Drowning in data? Computer scientists at the National Institute of Standards and Technology (NIST) just released broad specifications to improve approaches for analyzing very large quantities of data by building more widely useful technical tools for the job. The framework supports the creation of tools that can be used in any computing environment.
Following a multiyear effort, NIST published the final version of the NIST Big Data Interoperability Framework, a collaboration between NIST and more than 800 experts from industry, academia and government. Filling nine volumes, the framework aims to guide developers on how to deploy software tools that can analyze data using any type of computing platform, from a single laptop to the most powerful cloud-based platform. Just as important, the framework advises analysts on how they can move their work from one platform to another and substitute a more advanced algorithm — without retooling the computing environment.
“We want to enable data scientists to do effective work using whatever platform they choose or have available, and however their operation grows or changes,” said Wo Chang, a NIST computer scientist and convener of one of the collaboration’s working groups. “This framework is a reference for how to create an ‘agnostic’ environment for tool creation. If software vendors use the framework’s guidelines when developing analytical tools, then analysts’ results can flow uninterruptedly, even as their goals change and technology advances.”
The framework fills a long-standing essential among data scientists, who must extract meaning from increasingly larger and more varied datasets while navigating an evolving technology ecosystem, NIST said. Interoperability is more important than ever as these huge amounts of data pour in from a growing number of platforms, ranging from telescopes, cameras and physics experiments to the countless tiny sensors and devices linked into the internet of things. “Several years ago the world was generating 2.5 exabytes (billion billion bytes) of data each day, that number is predicted to reach 463 exabytes daily by 2025. This is more data than would fit on 212 million DVDs,” NIST explained.

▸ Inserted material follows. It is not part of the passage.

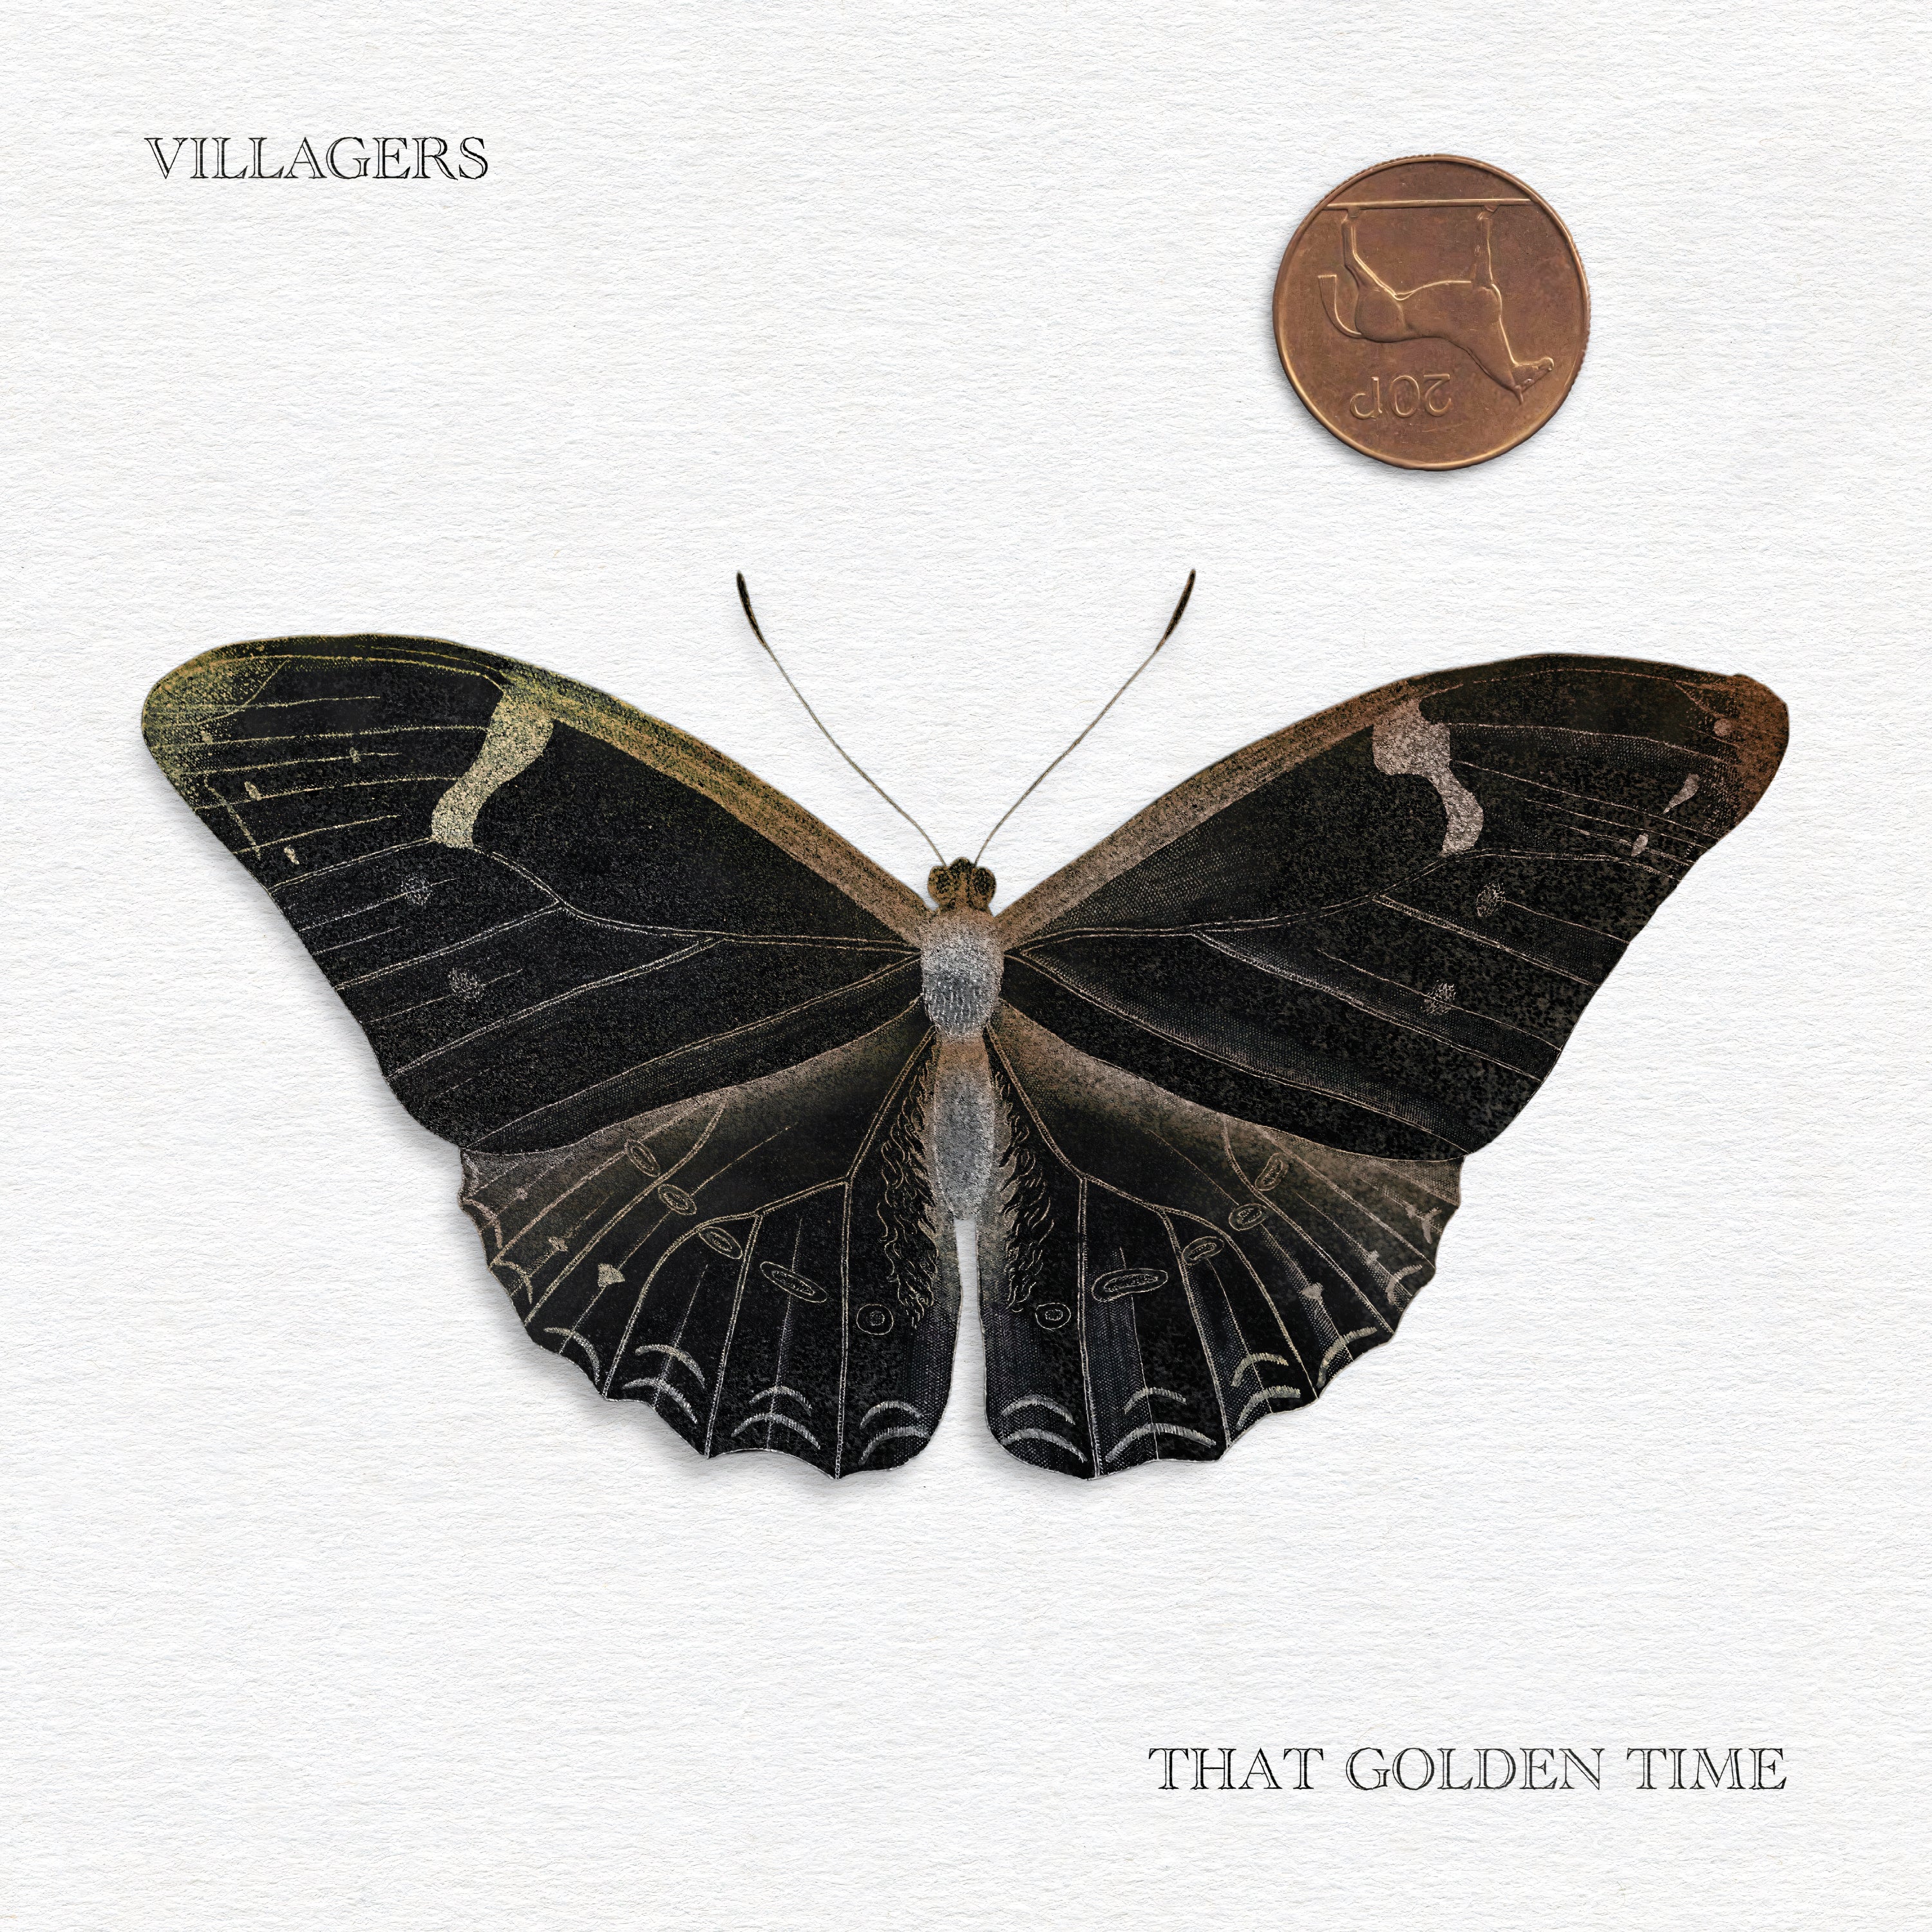 Villagers - That Golden Time CD

In “big data analytics” computer scientists examine very large, diverse data sets that include structured, semi-structured and unstructured data, from different sources, and in different sizes from terabytes to zettabytes. The complexity and size of the data requires using advanced technology to uncover hidden patterns, correlations and other insights. Boosted by specialized analytics systems and software, as well as high-powered computing systems, big data analytics offers many benefits to businesses, including better-informed decision-making, income opportunities, more effective marketing, better customer service, improved operational efficiency and competitive advantages over rivals.

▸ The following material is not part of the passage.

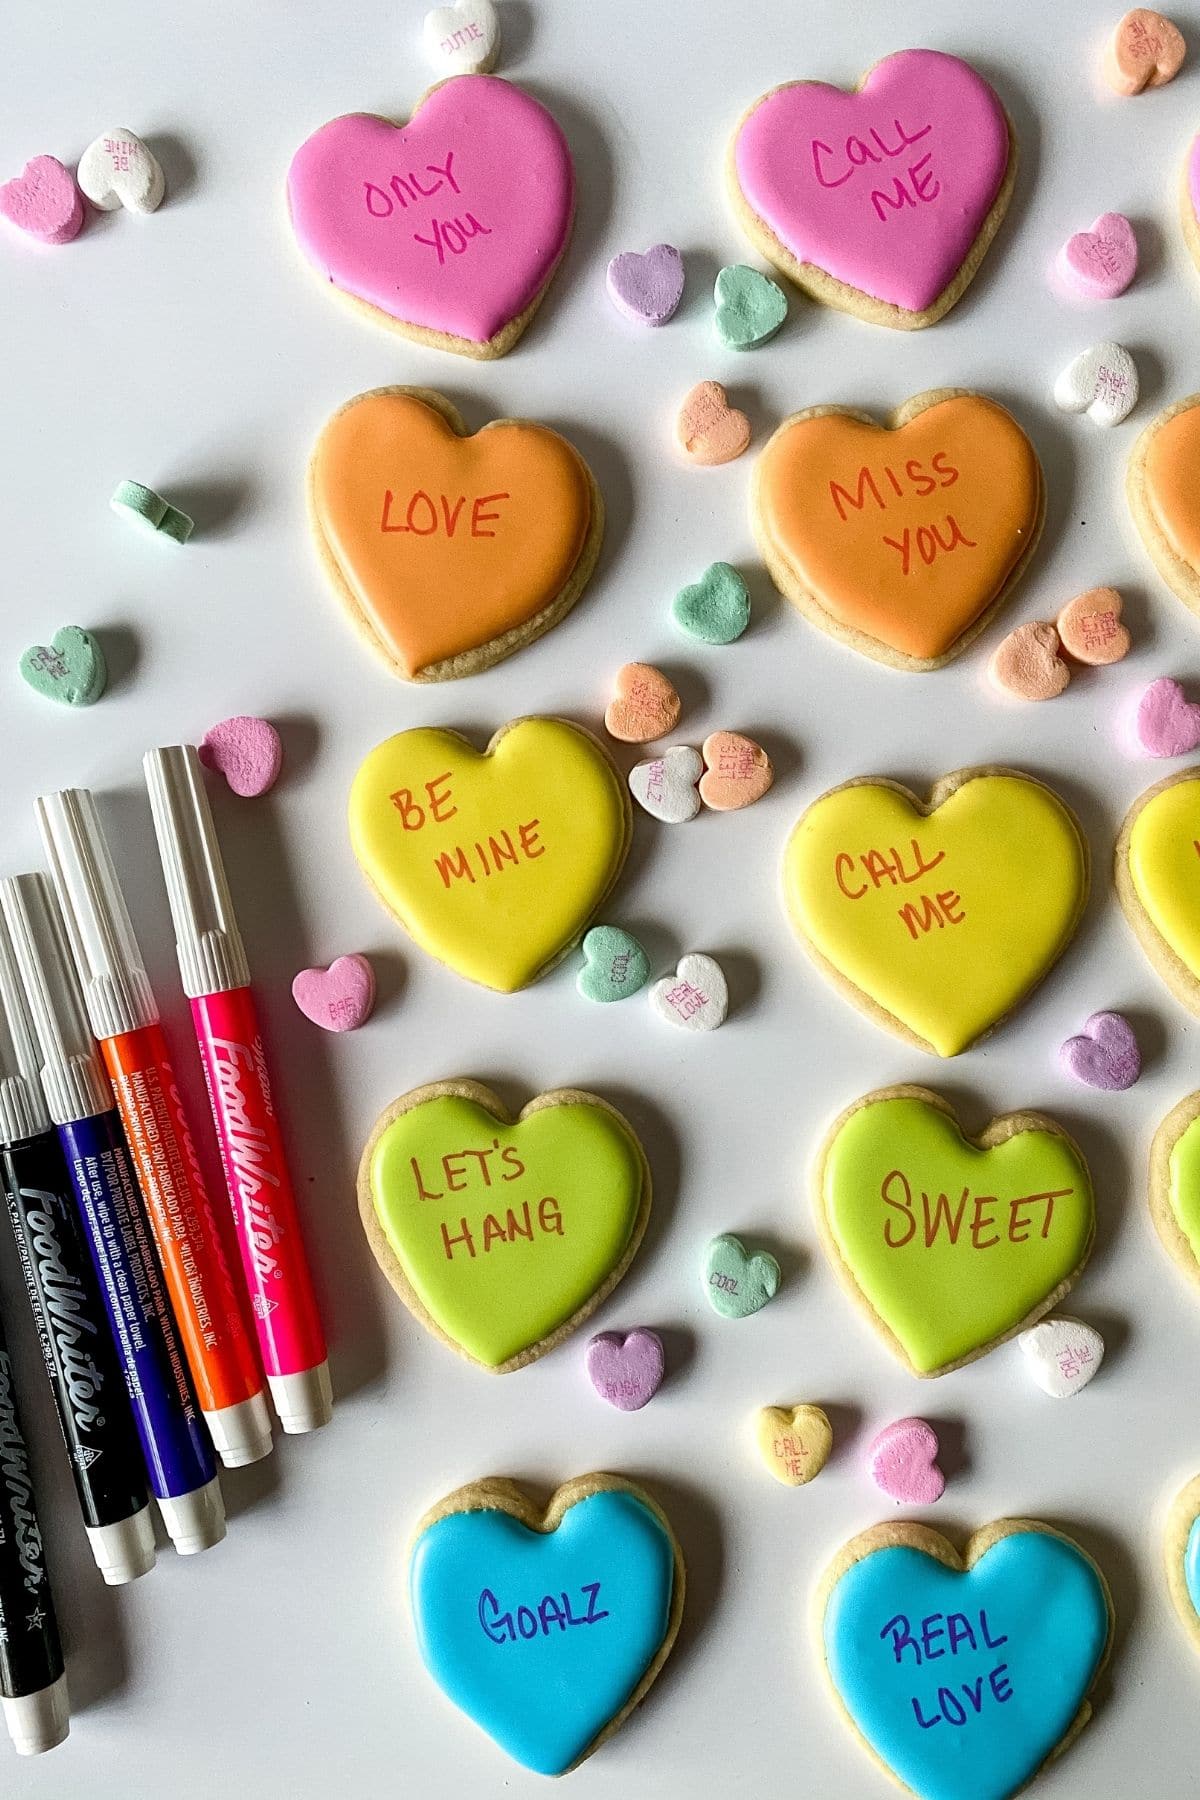 Conversation heart cookies with edible markers on table

With the rapid growth of tool availability, data scientists now have the option of scaling up their work from a single, small desktop computing setup to a large, distributed cloud-based environment with many processor nodes. However, often, this shift places enormous demands on the analyst. For example, tools may have to be reengineered from scratch using a different computer language or algorithm, costing staff time and potentially sacrificing time-critical insights.
The framework is an effort to help address these problems. As with the draft versions of the framework NIST released previously, the final includes consensus definitions and taxonomies to help ensure developers are on the same page when they discuss plans for new tools. It adds key requirements in integrating data security and privacy protections for these tools. The final version also offers a new reference architecture interface specification that will guide these tools’ actual deployment, NIST said.
“The reference architecture interface specification will enable vendors to build flexible environments that any tool can operate in,” Chang said. “Before, there was no specification on how to create interoperable solutions. Now they will know how.”
This interoperability could help analysts better address a number of data-intensive contemporary problems, such as weather forecasting. For example, meteorologists section the atmosphere into small blocks and apply analytics models to each block, using big data techniques to keep track of changes that hint at the future. As these blocks get smaller and the ability to analyze finer details grows, forecasts can improve — if more advanced computational components and more advanced modeling tools are implemented.
“You model these cubes with multiple equations whose variables move in parallel,” Chang said. “It’s hard to keep track of them all. The agnostic environment of the framework means a meteorologist can swap in improvements to an existing model. It will give forecasters a lot of flexibility.”
NIST said another potential application is drug discovery, where scientists must explore the behavior of multiple candidate drug proteins in one round of tests and then feed the results back into the next round. Unlike weather forecasting, where an analytical tool must keep track of multiple variables that change simultaneously, the drug development process generates long strings of data where the changes occur in sequence. While this problem demands a different big data approach, it would still benefit from the ability to make changes easily, as drug development is a tedious time-consuming and expensive process.
Whether applied to one of these or other big-data-related problems — from spotting healthcare fraud to identifying animals from a DNA sample — the value of the framework will be in helping analysts speak to one another and more easily apply all the data tools they need to achieve their goals, NIST said.
“Performing analytics with the newest machine learning and AI techniques while still employing older statistical methods will all be possible,” Chang said. “Any of these approaches will work. The reference architecture will let you choose.”